Mortgage lending dips but confidence is returning

Mortgage lending between April and June this year fell to its lowest level since early 2024, according to the Bank of England, a likely consequence of the end of the stamp duty concession in March.

Lisa Parker
September 17, 2025
Sage green front door

Mortgage lending between April and June this year fell to its lowest level since early 2024, according to the Bank of England, a likely consequence of the end of the stamp duty concession in March.

The Bank’s latest Mortgage Lenders and Administrators Statistics report shows that new advances fell by 24.2% compared to the previous three months, suggesting that buyers may have rushed to secure mortgages and complete their property purchases before the stamp duty changes came into effect.

Despite the dip in lending, the total value of outstanding residential mortgage loans still grew slightly, rising by 0.3% to £1,703.6 billion, up 2.6% compared to the same period last year.

The number of new mortgage commitments - agreements to lend in the future - rose by 14.6% between April and June. This might indicate that some confidence is beginning to return, helped by recent cuts to the Bank of England base rate, and hopes of further reductions later this year.

Increase in higher loan-to-value lending

There has been a small but noticeable increase in the proportion of mortgages being taken out with high loan-to-value (LTV) ratios, where buyers put down a smaller deposit. Around 7.1% of new mortgages between April and June were for buyers borrowing more than 90% of the property’s value, the highest proportion seen since 2008.
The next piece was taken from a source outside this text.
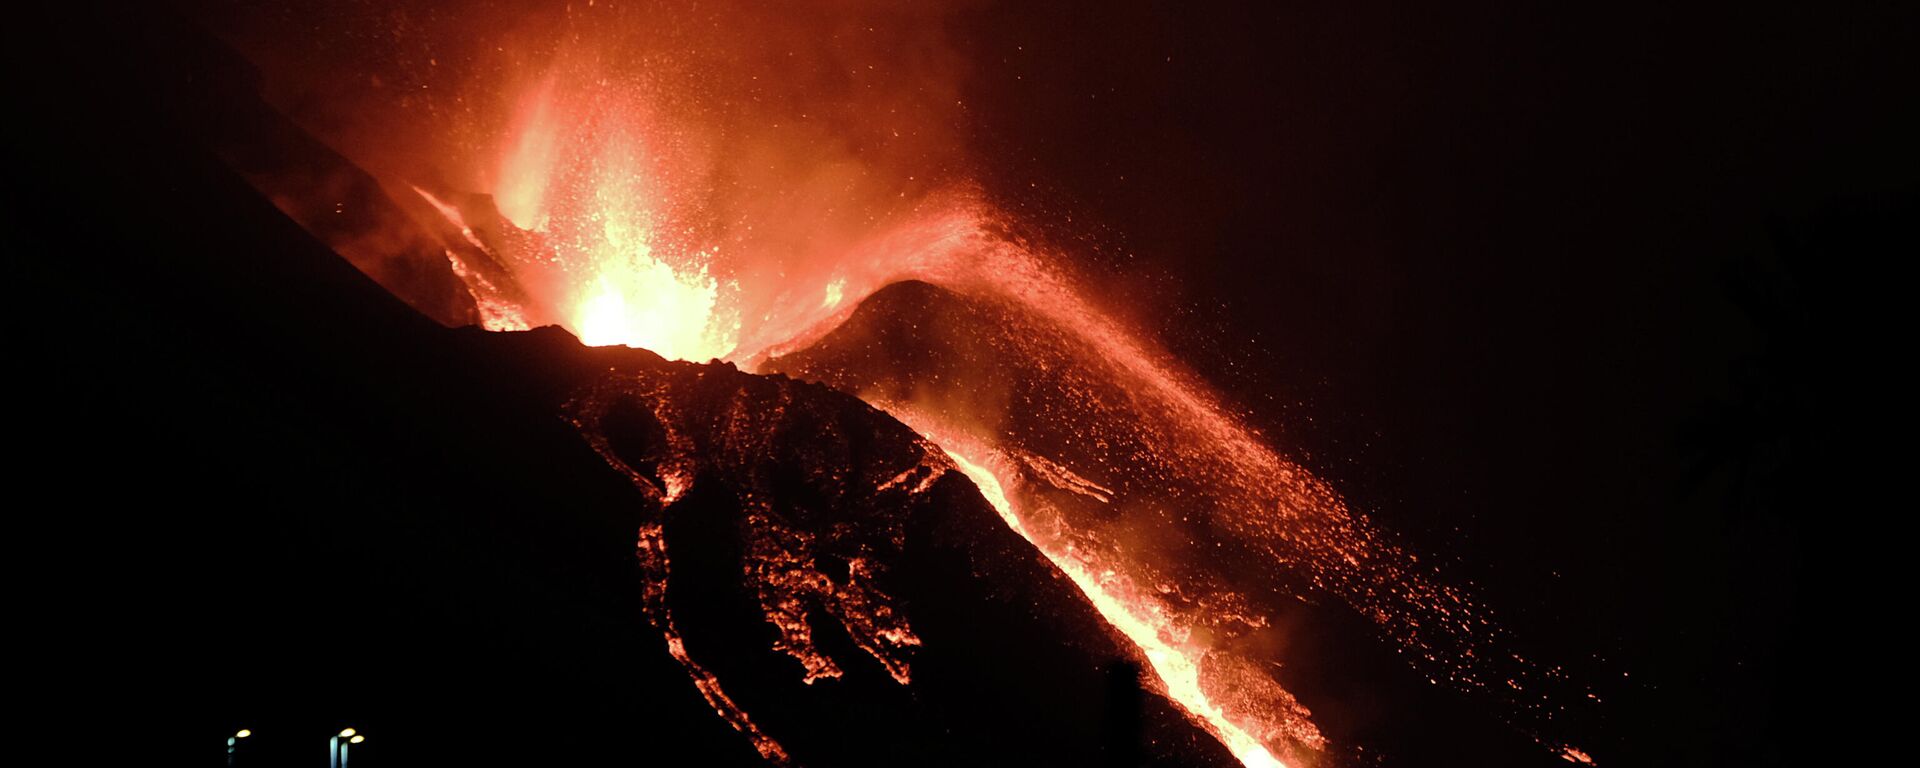 Ерупција вулкана на острву Ла Палма у Шпанији - Sputnik Србија, 1920, 10.10.2021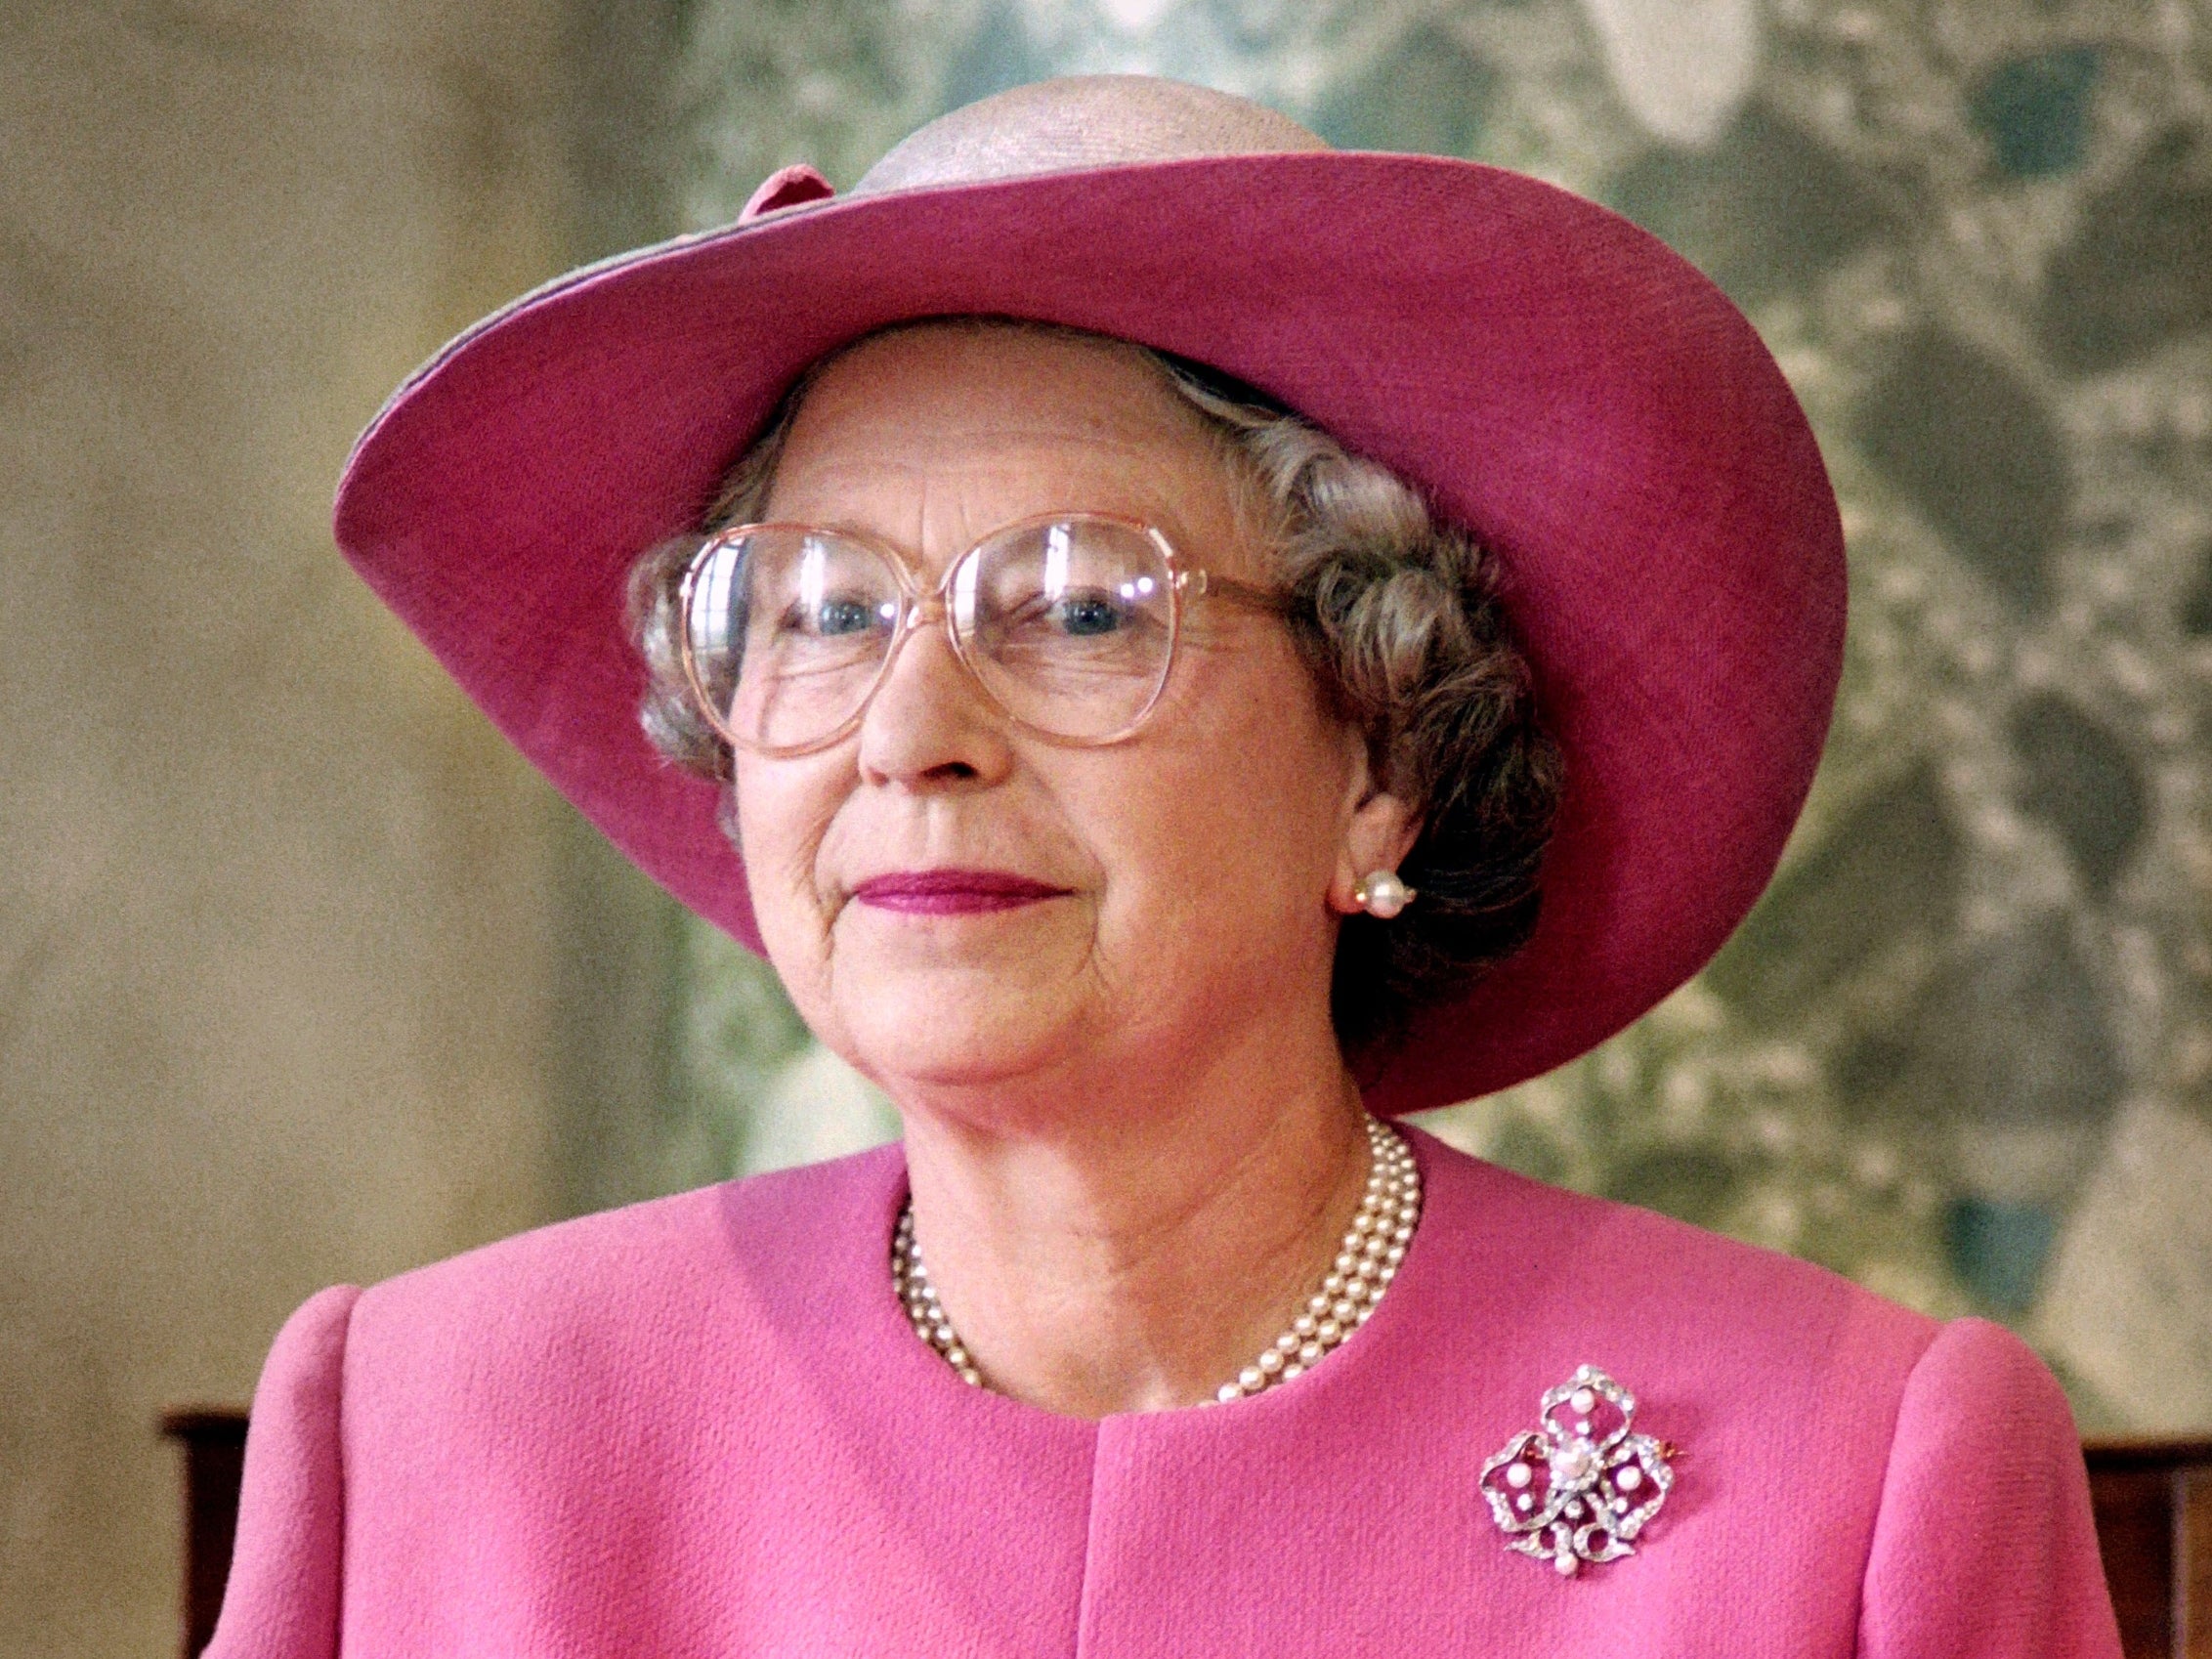 Queen Elizabeth II in 1992

The share of mortgages advanced to those with only a 5% deposit increased slightly to 0.5%, the highest share since the same quarter in 2012.

At the same time, lenders seem to be pulling back on lending large sums relative to borrowers’ incomes. The proportion of lending to borrowers with high loan-to-income (LTI) ratios reduced in the second quarter of the year, despite several lenders recently confirming plans to let some homebuyers borrow more. This might indicate that borrowers may be reluctant to borrow more than they can comfortably afford to repay.

Positively, the number of mortgage holders falling behind on their monthly payments fell in the second three months of the year, with both new arrears cases and the total value of overdue mortgage debt reducing. The proportion of mortgages in arrears is now lower than it was a year ago.

Remortgaging on the rise

Nearly a third (29%) of all owner-occupier mortgage activity between April and June this year involved people switching their mortgage to a new deal, the highest proportion since early 2024.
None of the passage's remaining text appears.